Seeking assistance - string processing.

Discussion in 'Python' started by billpaterson2006@googlemail.com, Nov 14, 2006.

  1. Guest

    I've been working on some code to search for specific textstrings and
    act upon them insome way. I've got the conversion sorted however there
    is 1 problem remaining.

    I am trying to work out how to make it find a string like this "==="
    and when it has found it, I want it to add "===" to the end of the
    line.

    For example.

    The text file contains this:

    ===Heading

    and I am trying to make it be processed and outputted as a .dat file
    with the contents

    ===Heading===

    Here's the code I have got so far.

    import string
    import glob
    import os

    mydir = os.getcwd()
    newdir = mydir#+"\\Test\\";

    for filename in glob.glob1(newdir,"*.txt"):
    #print "This is an input file: " + filename
    fileloc = newdir+"\\"+filename
    #print fileloc

    outputname = filename
    outputfile = string.replace(outputname,'.txt','.dat')
    #print filename
    #print a

    print "This is an input file: " + filename + ". Output file:
    "+outputfile

    #temp = newdir + "\\" + outputfile
    #print temp


    fpi = open(fileloc);
    fpo = open(outputfile,"w+");

    output_lines = []
    lines = fpi.readlines()

    for line in lines:
    if line.rfind("--------------------") is not -1:
    new = line.replace("--------------------","----")
    elif line.rfind("img:") is not -1:
    new = line.replace("img:","[[Image:")
    elif line.rfind(".jpg") is not -1:
    new = line.replace(".jpg",".jpg]]")
    elif line.rfind(".gif") is not -1:
    new = line.replace(".gif",".gif]]")
    else:
    output_lines.append(line);
    continue
    output_lines.append(new);

    for line in output_lines:
    fpo.write(line)

    fpi.close()
    fpo.flush()
    fpo.close()


    I hope this gets formatted correctly :p

    Cheers, hope you can help.
     
    , Nov 14, 2006
    #1
    1. Advertising

  2. wrote:

    > I am trying to work out how to make it find a string like this "==="
    > and when it has found it, I want it to add "===" to the end of the
    > line.


    how about

    if line.startswith("==="):
    line = line + "==="

    or

    if "===" in line: # anywhere
    line = line + "==="

    ?

    > if line.rfind("--------------------") is not -1:
    > new = line.replace("--------------------","----")

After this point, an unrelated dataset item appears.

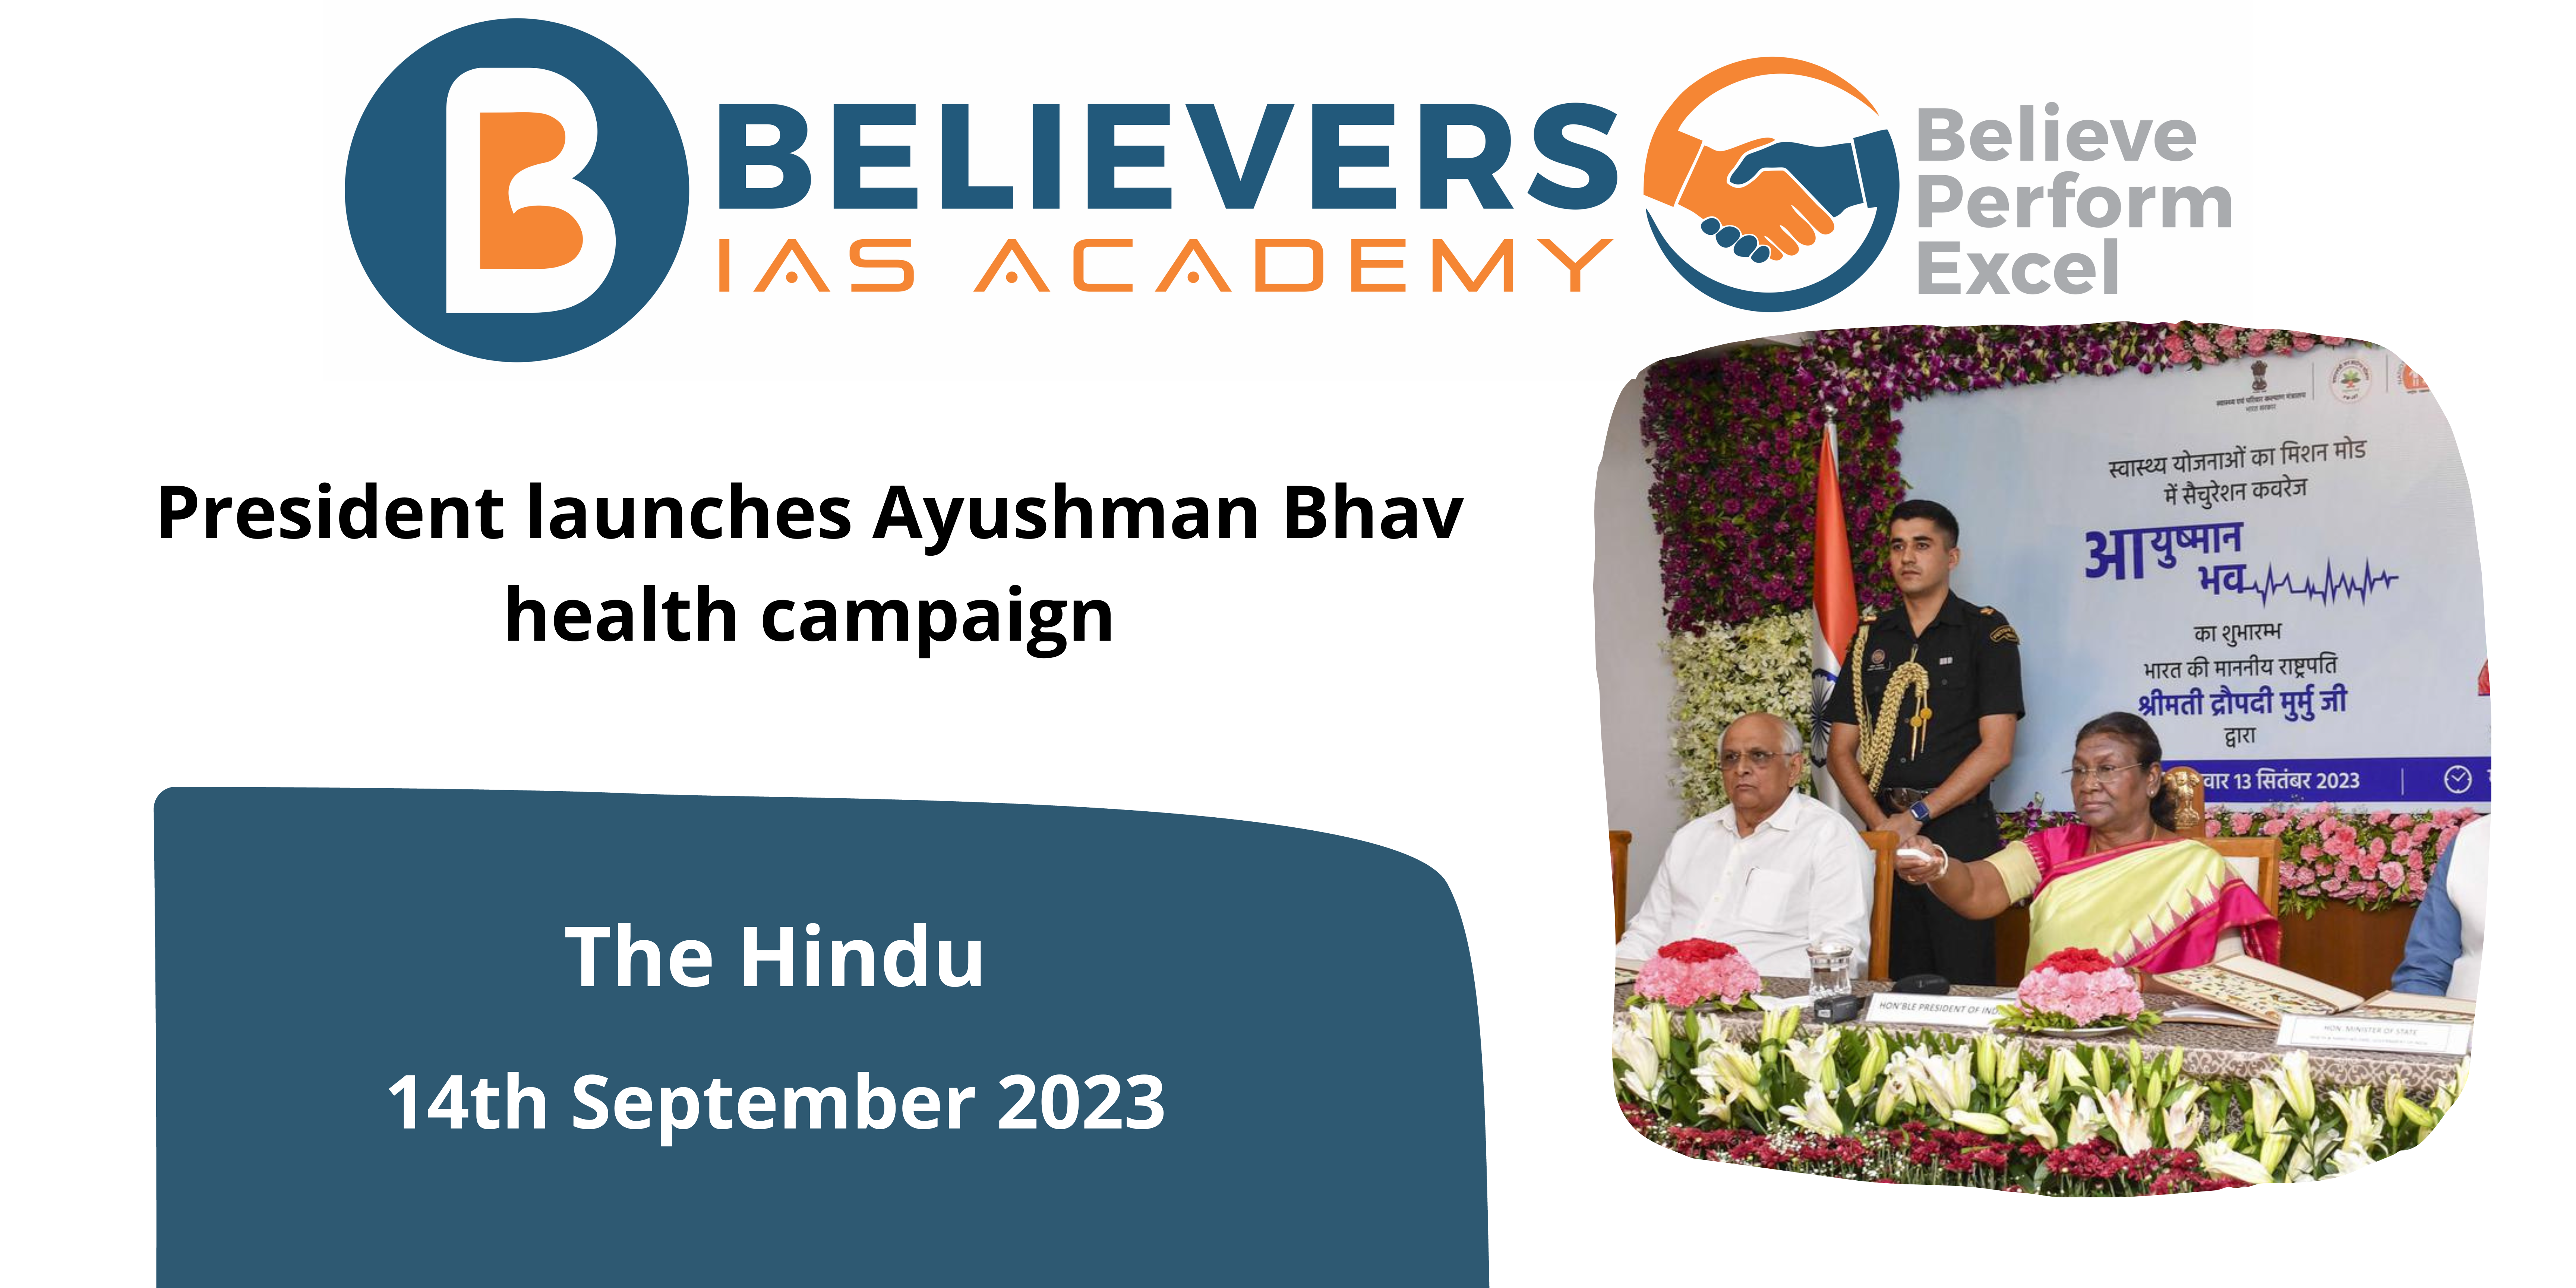 President launches Ayushman Bhav health campaign

    it's not an error to use replace on a string that doesn't contain the
    pattern, so that rfind is rather unnecessary.

    (and for cases where you need to look first, searching from the left
    is usually faster than searching backwards; use "pattern in line" or
    "line.find(pattern)" instead of rfind.

    </F>
     
    Fredrik Lundh, Nov 14, 2006
    #2
    1. Advertising

  3. Guest

    Thanks so much, a really elegant solution indeed.

    I have another question actually which I'm praying you can help me
    with:

    with regards to the .jpg conversion to .jpg]] and .gif -> .gif]]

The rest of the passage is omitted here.